62nd Governor of Massachusetts
- In office January 3, 1963 – January 7, 1965
- Lieutenant: Francis Bellotti
- Preceded by: John A. Volpe
- Succeeded by: John A. Volpe

Member of the Massachusetts Governor's Council from the 3rd district
- In office 1955–1957
- Preceded by: David B. Williams
- Succeeded by: Christian A. Herter, Jr.

Personal details
- Born: February 15, 1920 Lawrence, Massachusetts, U.S.
- Died: December 2, 1997 (aged 77) Hollis, New Hampshire, U.S
- Party: Democratic
- Spouse: Barbara Welch Gibbons ​ ​(m. 1944)​
- Children: 3
- Parent(s): Malcolm E. Peabody Mary E. Peabody
- Relatives: John Endecott (ancestor) Endicott Peabody (grandfather) Henry Parkman (grandfather) Henry Parkman Jr. (uncle) Marietta Peabody Tree (sister) Desmond FitzGerald (former brother-in-law) Ronald Tree (brother-in-law) Frances FitzGerald (niece) Penelope Tree (niece)
- Education: Harvard University (AB, JD)

Military service
- Allegiance: United States
- Branch/service: United States Navy
- Battles/wars: World War II Pacific War;
- Awards: Silver Star
- Football career

Personal information
- Listed height: 6 ft 0 in (1.83 m)
- Listed weight: 181 lb (82 kg)

Career information
- High school: Groton (Massachusetts) Penn Charter (Philadelphia)
- College: Harvard (1939–1941)

Awards and highlights
- Unanimous All-American (1941); First-team All-Eastern (1941);
- College Football Hall of Fame

= Endicott Peabody =

American politician (1920–1997)

Endicott Howard Peabody (February 15, 1920 - December 2, 1997) was an American politician from Massachusetts.
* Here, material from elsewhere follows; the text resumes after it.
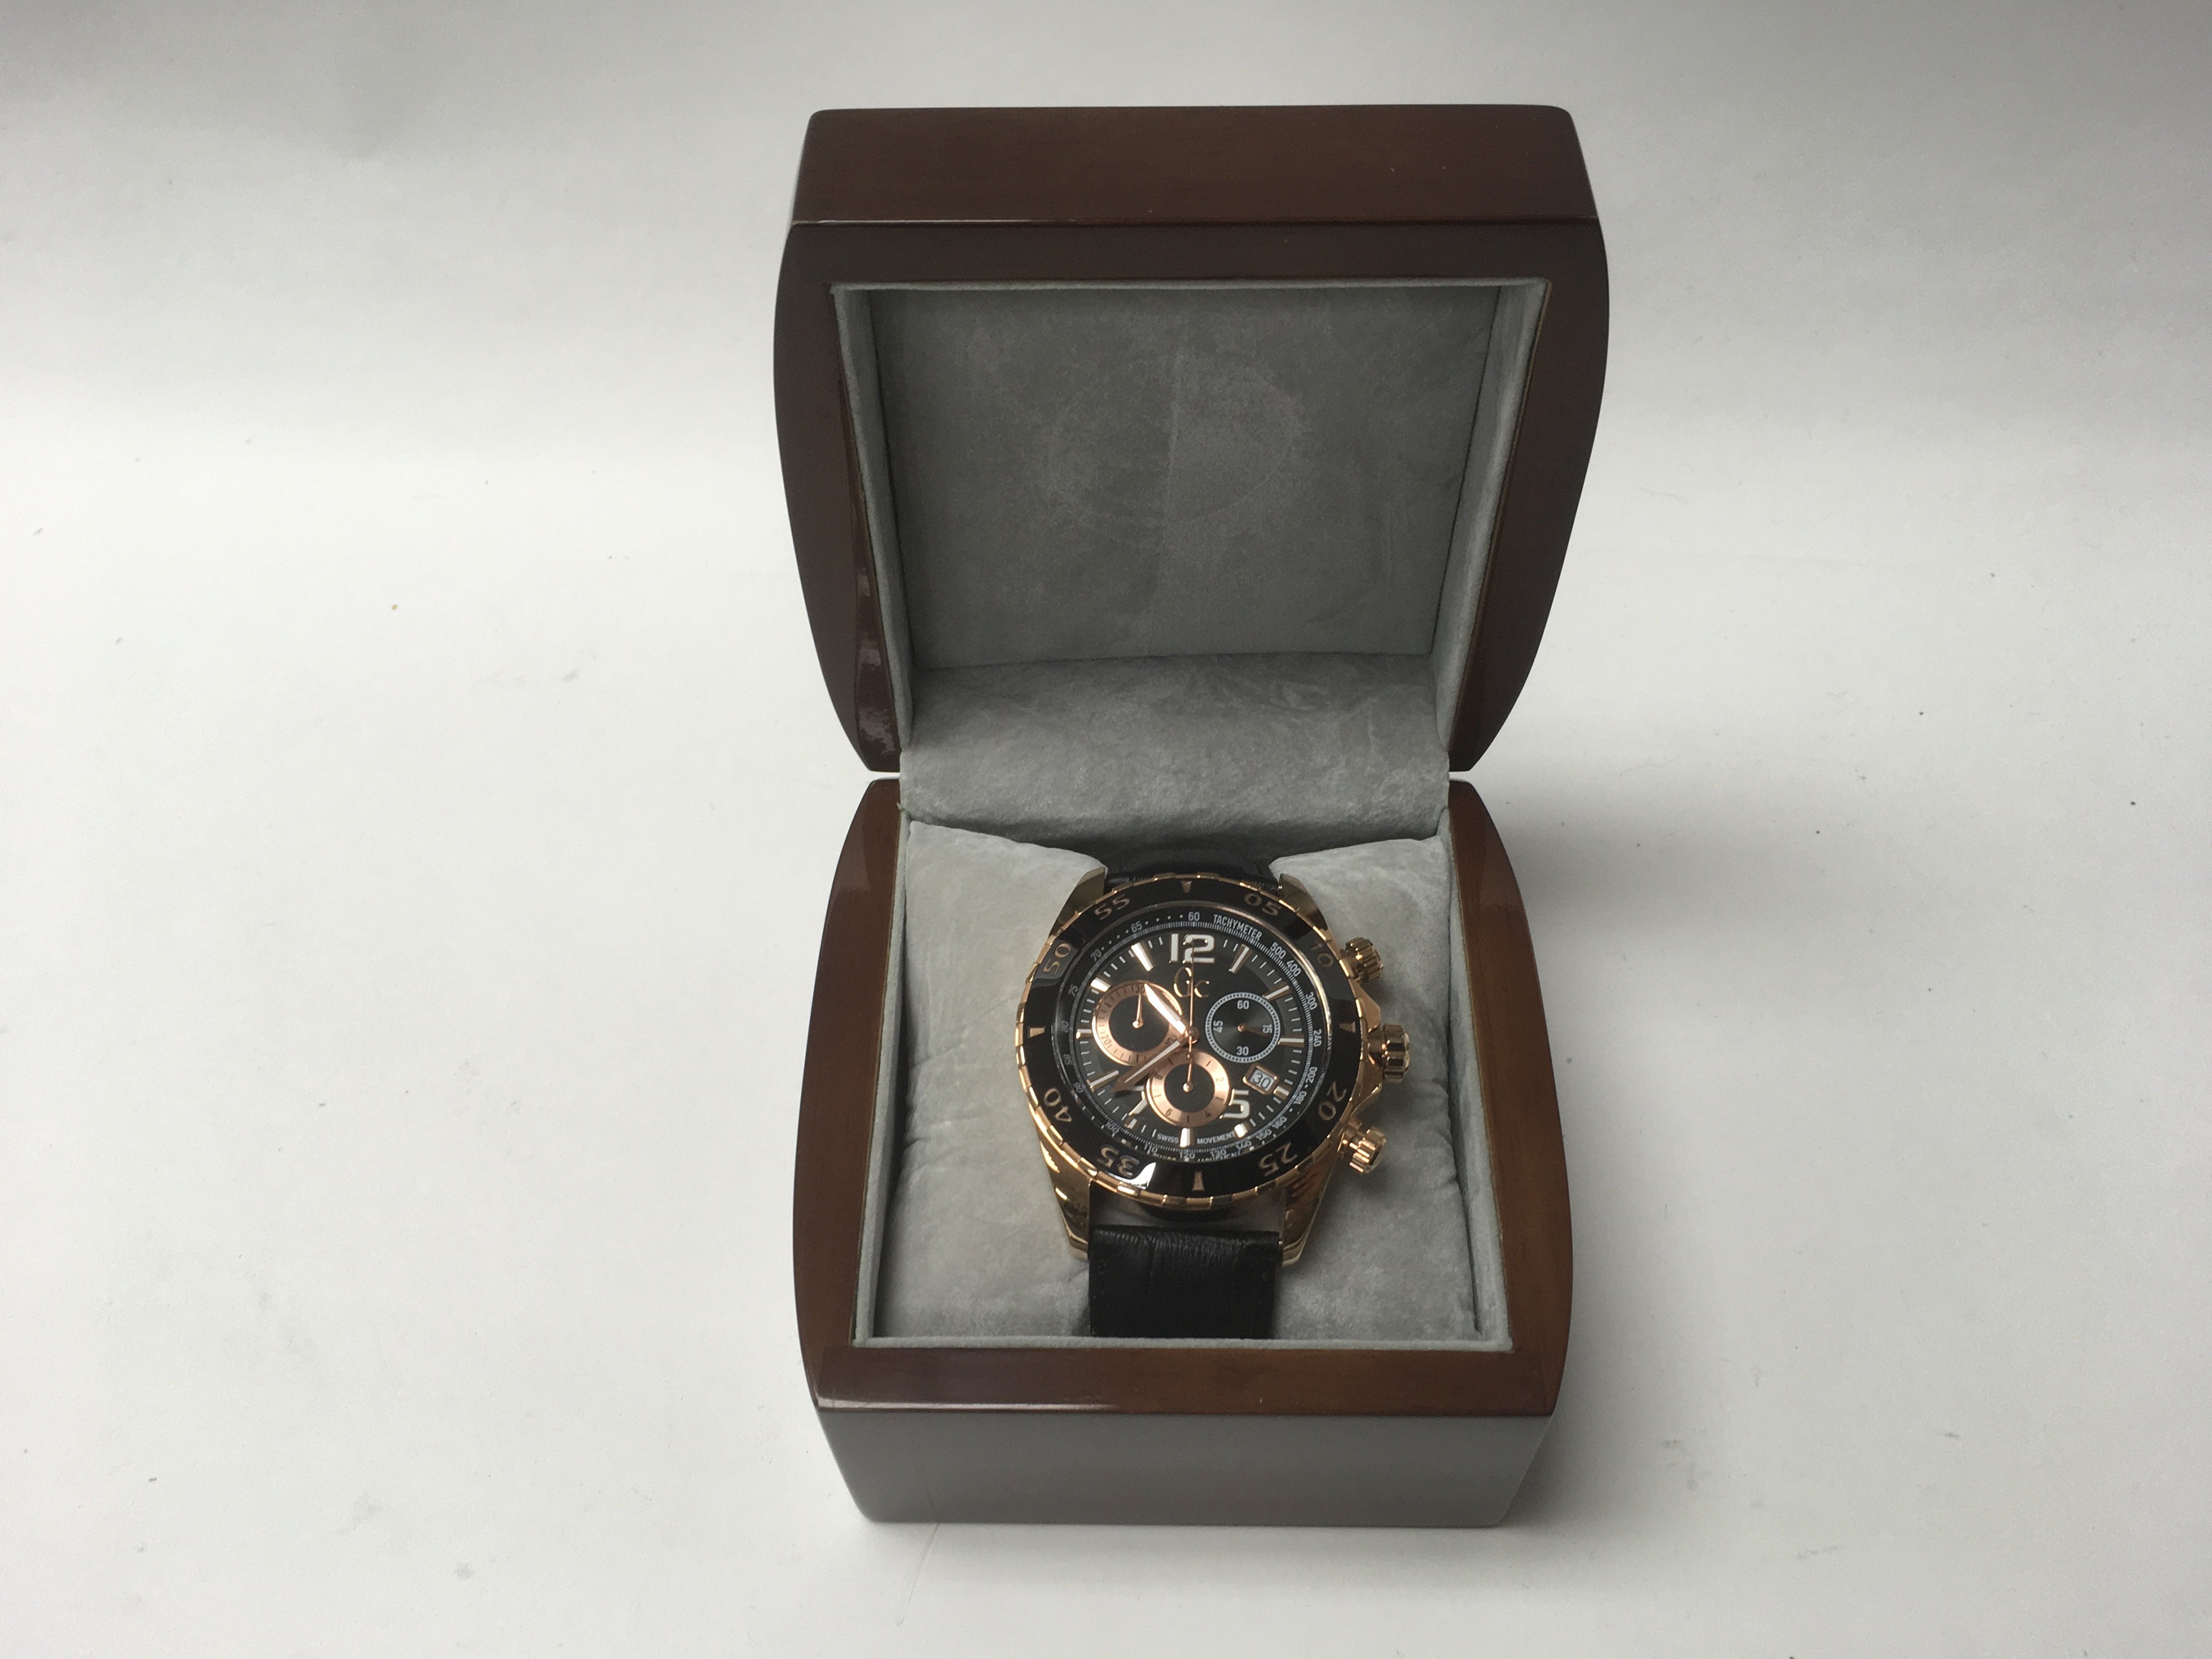 A boxed gent's guess chronograph wrist watch

A Democrat, he served a single two-year term as the 62nd governor of Massachusetts, from 1963 to 1965. His tenure is probably best known for his categorical opposition to the death penalty and for signing into law the bill establishing the University of Massachusetts Boston. After losing the 1964 Democratic gubernatorial primary, Peabody made several more failed bids for office in Massachusetts and New Hampshire, including failed campaigns for the U.S. Senate in 1966 and 1986.

Born in Lawrence, Massachusetts to a family with deep colonial roots, Peabody played college football at Harvard University, where he earned honors as an All-American lineman. He served in the United States Navy in World War II before embarking on a political career noted more for its failures than its successes. He made multiple unsuccessful attempts to win the position of Massachusetts Attorney General, and for the United States Senate representing both Massachusetts and New Hampshire, and ran for United States Vice President in 1972.

==Early life==
Endicott Peabody, nicknamed "Chub", was born in Lawrence, Massachusetts, the son of Mary Elizabeth (née Parkman) and the Reverend Malcolm E. Peabody, an Episcopal Bishop of Central New York. He was a grandson of the founder of Groton School and Brooks School, also named Endicott Peabody, and was a descendant of colonial governor John Endecott. His maternal grandfather, Henry Parkman, was a Boston businessman and politician.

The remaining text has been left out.